Practically, at or near this electronic heterojunction,
It is necessary to make a -n junction, a pin junction or the like. For this purpose, when growing Si by the molecular beam epitaxy method, p-type or n-type elements, such as B and P, are vaporized or gaseously sent to the substrate at the same time, so that a desired electric power can be obtained. Characteristic can be obtained.

Embodiment 2 FIG. 5 shows an embodiment in which the technique of the present invention is applied to a transistor.

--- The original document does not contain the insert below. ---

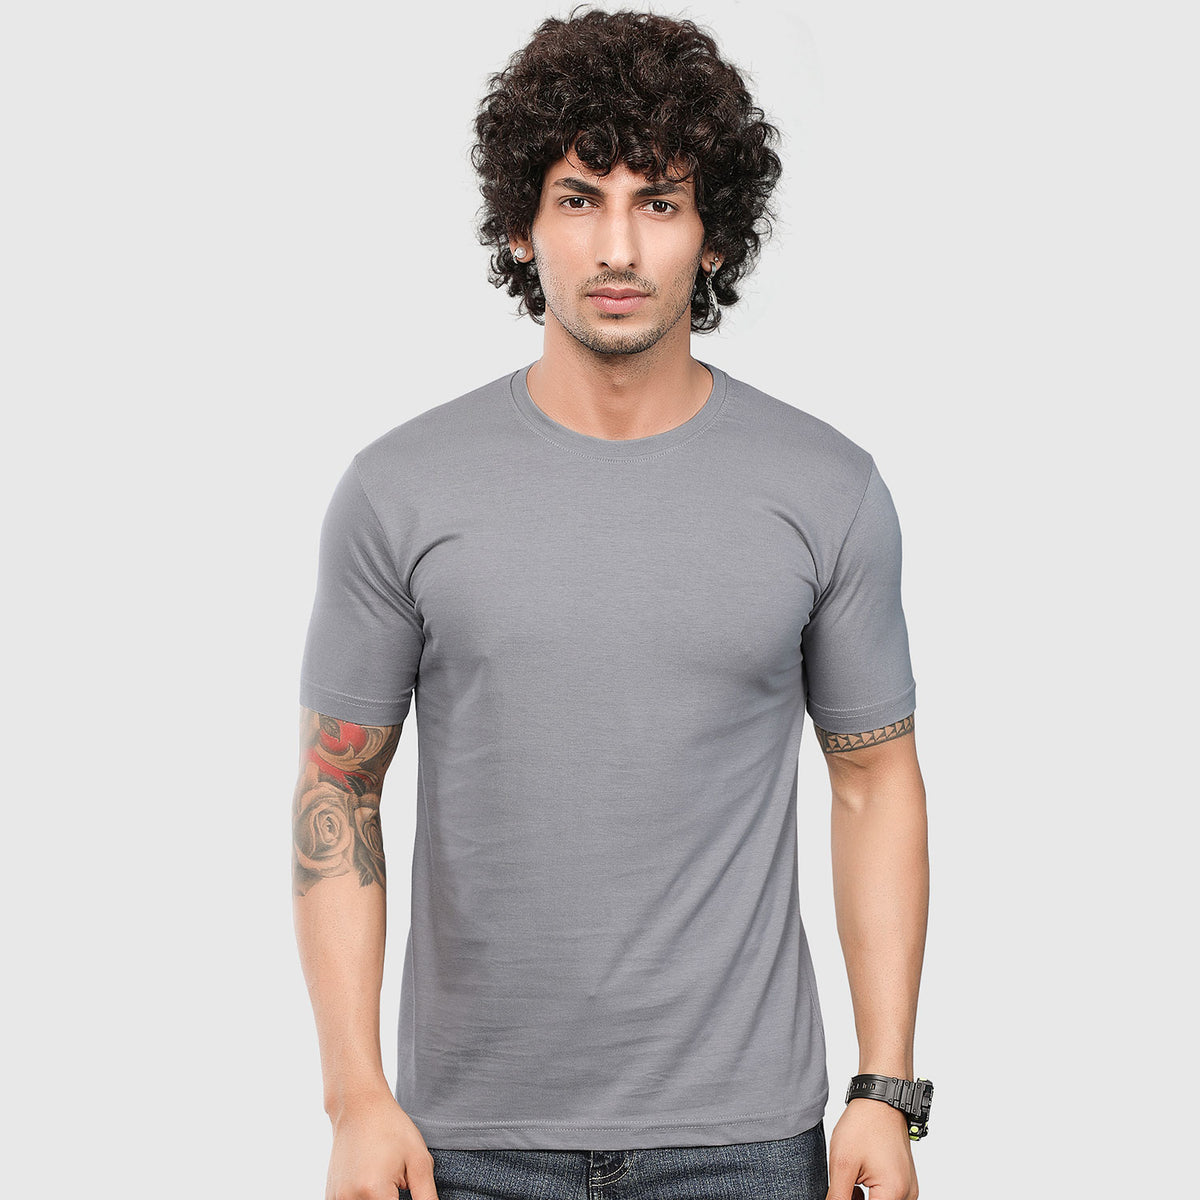 Grey Plain T-shirt
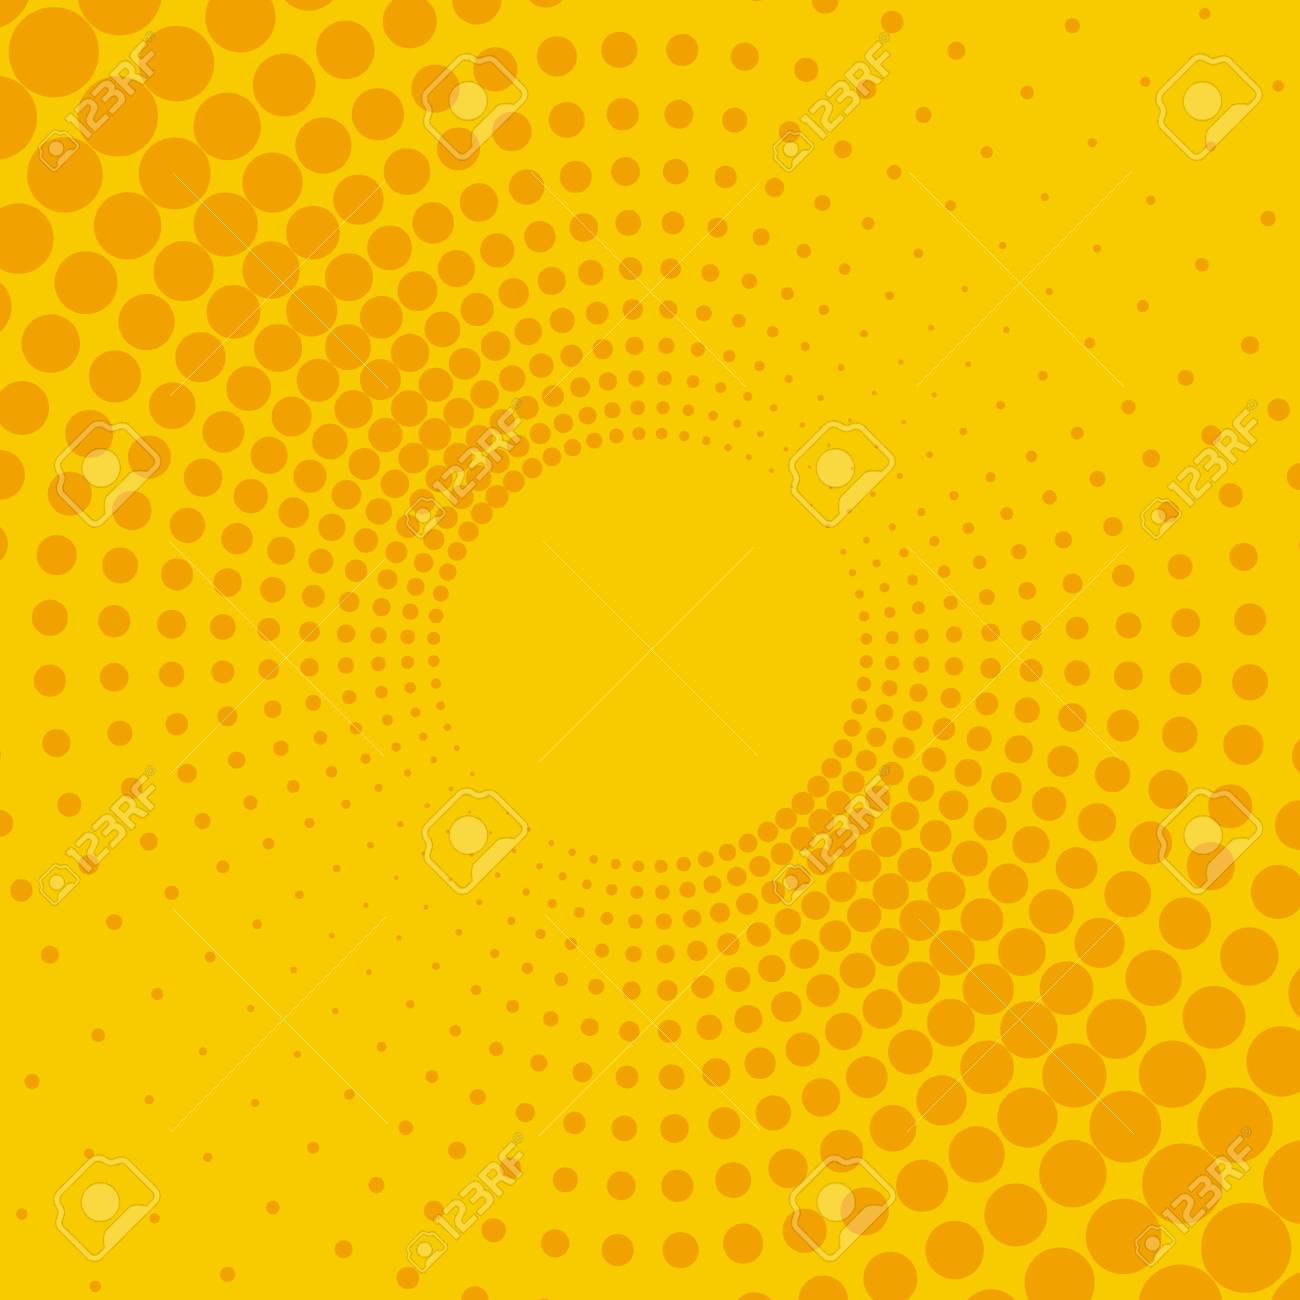 Yellow And Orange Background Isolated On Plain Background Royalty

As shown in FIG. 2A, a p-type base layer 102 is formed on an n-type Si substrate 101 by ion implantation, and an n-type Si sheet 201 having a spacing of 40 ° and a thickness of 20 ° is formed on the p-type base layer 102 by the method of the present invention. Base layer 102
Epitaxial growth is performed in a manner to stand perpendicular to the surface. The height at this time was 500 mm. In order to actually operate as a transistor, extraction electrodes are provided on the emitter (E), the base (B), and the collector (C) as shown in the figure. As a result, transistor operation was confirmed. In addition, E and B
Despite's Kiyariya concentration of the respective conductivity type are comparable and approximately 10 ²⁰ cm ^-3, the current amplification factor I _C / I _B were obtained which exceeds 80 times.

This indicates that a hetero n-p junction is formed between E and B in a realistic manner as shown in FIG. 5 (b), demonstrating the effect of the present invention.

(Embodiment 3) In the embodiment of the present invention described in the embodiment 1, an electronic heterojunction is formed by using a selective growth technique or a lithography technique. By controlling, the effect of the present invention is brought out.

FIG. 6 shows a prototype of the transistor of this embodiment. First, phosphorus (P), which is an n-type impurity, was introduced into a p-type Si substrate 61 by ion implantation to form an n-type layer 62. Thereafter, a p-type layer is formed by molecular beam epitaxy and the p-type layer 63 is made porous by anodic oxidation as shown in FIG. According to this method, the upper p-type layer 63 in the figure has a large number of pores having an average of about 100 ° in about 30 minutes as shown in FIG. Quality silicon layer 63 '
Could be formed.

This was processed as shown in FIG. 3C to obtain a transistor structure. It was confirmed that the transistor formed in this manner performed a transistor operation, but formed an electronic hetero pn junction between E and B.

〔The invention's effect〕

According to the present invention, a heterojunction can be formed using the same or substantially the same material, and a high-quality junction free from distortion and defects can be formed. Accordingly, there is no restriction on the selection of materials of different materials having the same lattice constant, so that desired performance can be freely exhibited.

[Brief description of the drawings]

FIG. 1 is a perspective view and an energy band diagram of a joint for explaining the principle of the present invention, FIG. 2 is a graph showing an electronic state in a Si single crystal, and FIG. 3 is a joint for explaining a difference between the present invention and a conventional example. FIG. 4 is a perspective view and an energy band diagram of a junction according to an embodiment of the present invention. FIG. 5 is a cross-sectional view and an energy band diagram of a transistor according to an embodiment of the present invention. FIG. 21 is a cross-sectional view illustrating a step of manufacturing a transistor according to still another example of the present invention.

──────────────────────────────────────────────────続 き Continuation of the front page (51) Int.Cl. ⁶ identification code FI H01L 29/86 H01L 29/91 H 29/861 (58) Field surveyed (Int.Cl. ⁶ , DB name) H01L 29/06 H01L 29/66-29/73

Claims (1)

(57) [Claims] In a joint structure between a first material and a second material, a difference in energy gap between the first material and the second material is less than kT (T is used). Absolute temperature), the width of the bonding surface of the bonding structure of the first material is greater than 1000 angstroms, and the width of the bonding surface of the bonding structure of the second material in one direction is
A junction structure characterized by being 1000 Å or less.